(EXERCISE OBJECTIVE)
Reproduce the whole listing word for word. Leave every image out.

(DATA BLOCK)
* * * * * * *

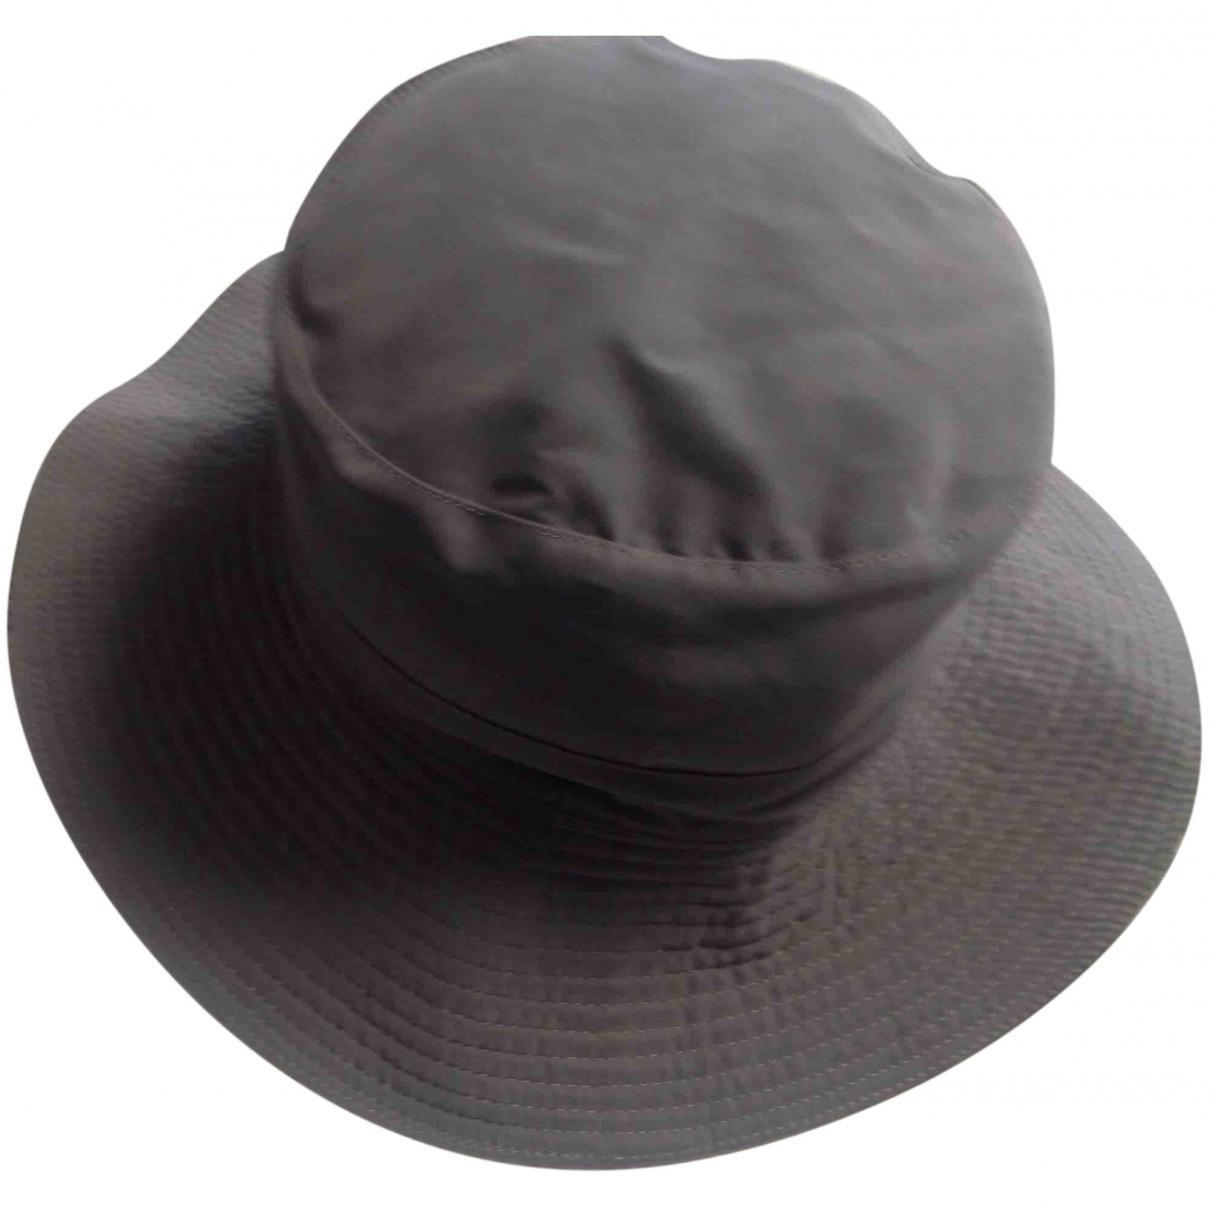 Hermès \N Grey Cloth hat for Women M International
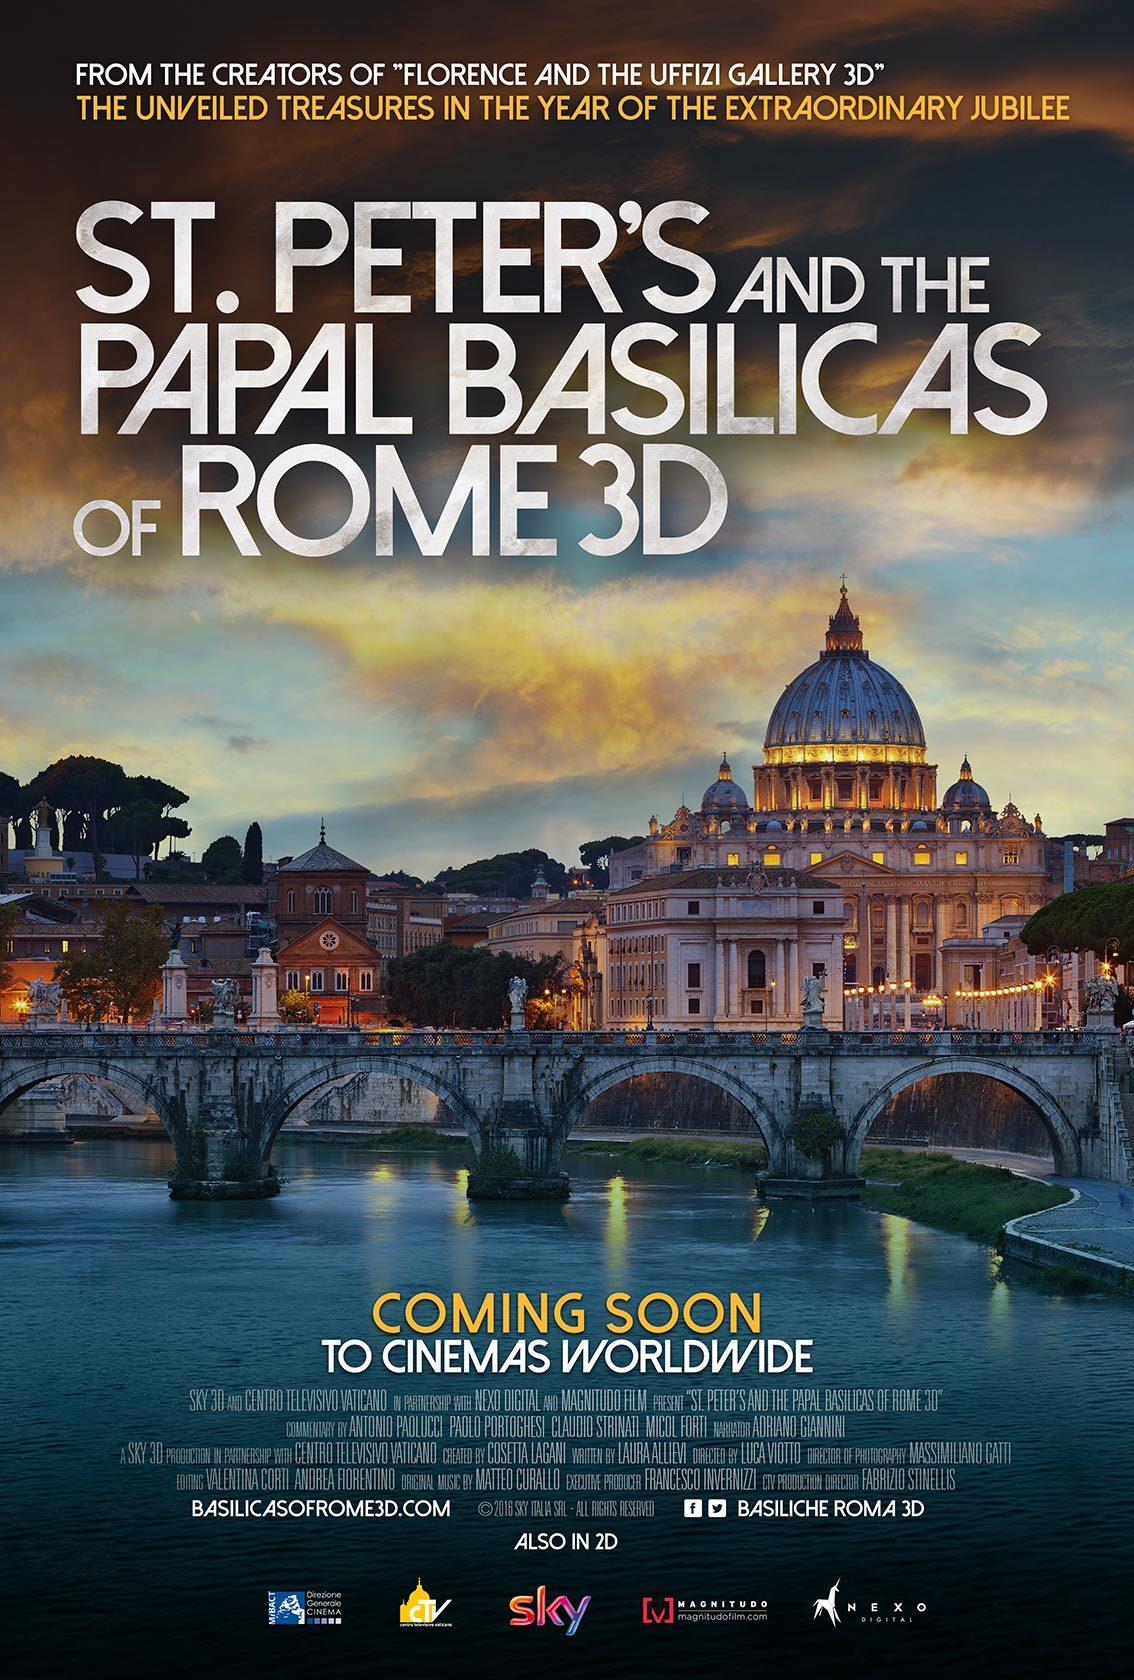 Собор Святого Петра и Патриаршие базилики Рима 3D смотреть фото
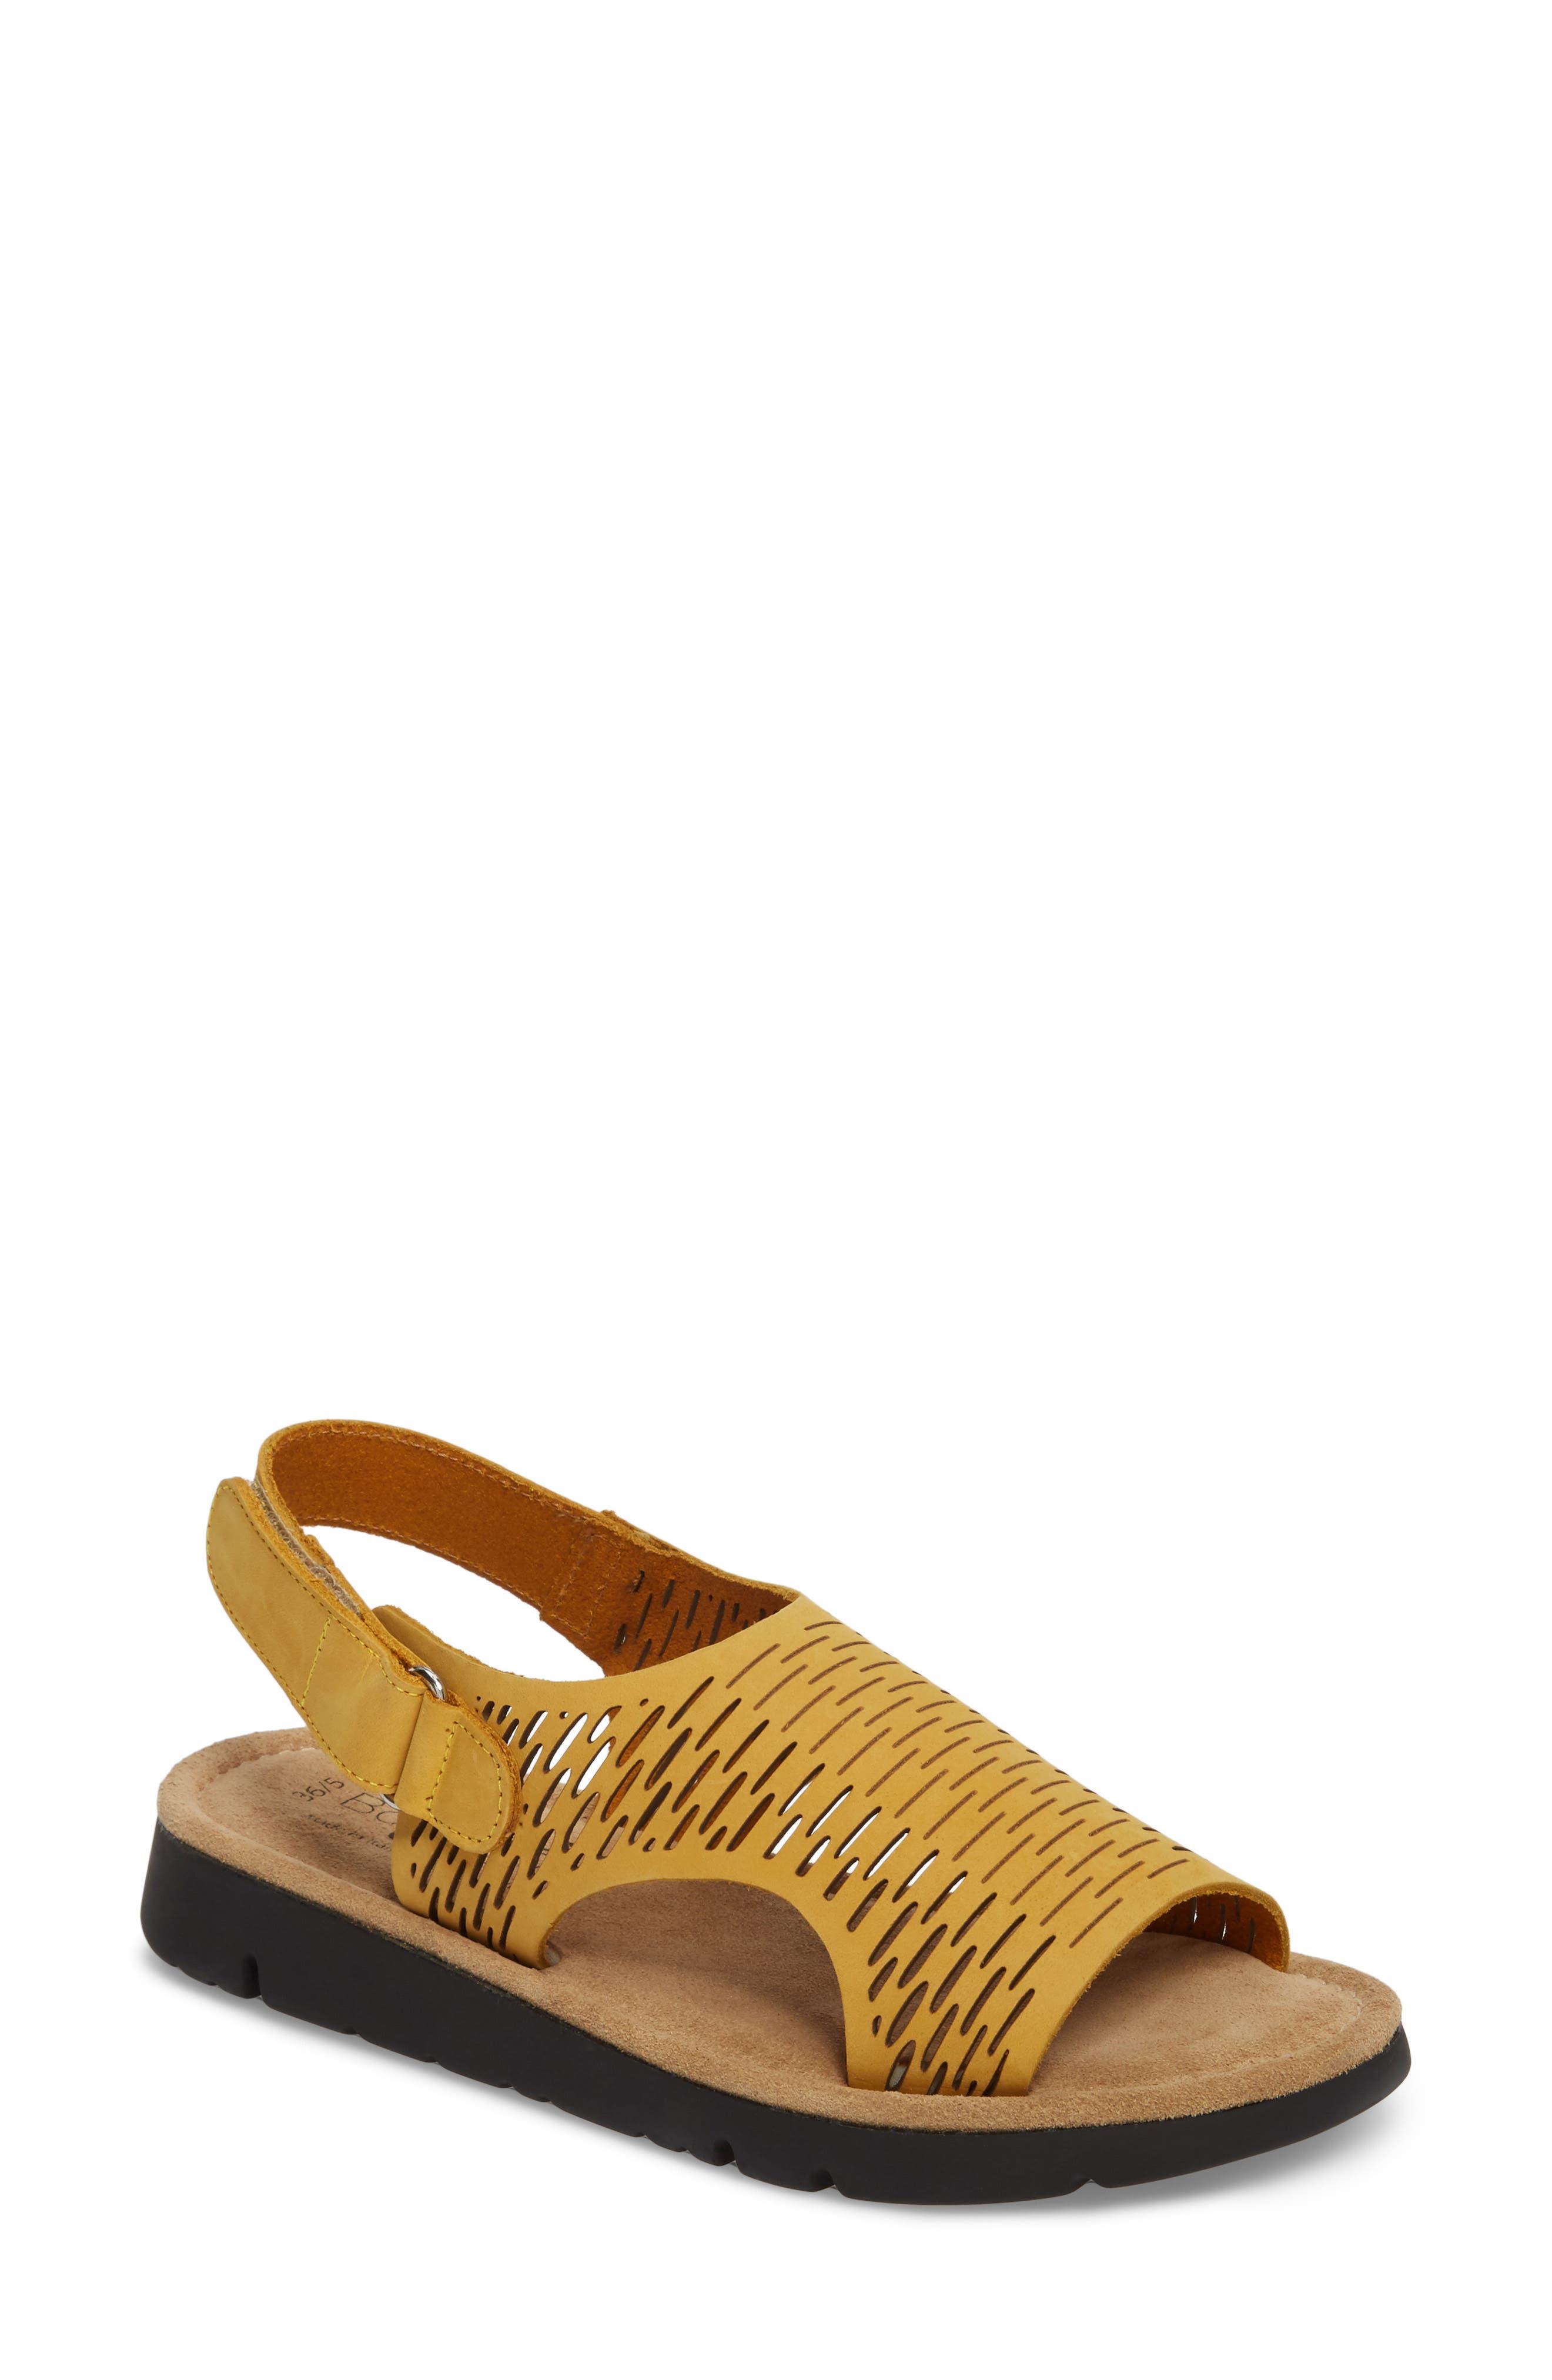 Bos. & Co. Saga Sandal, Yellow

* * * * * * *

(RESPONSE BELOW)
 Hermès \N Grey Cloth hat for Women M International
 Собор Святого Петра и Патриаршие базилики Рима 3D смотреть фото
 Bos. & Co. Saga Sandal, Yellow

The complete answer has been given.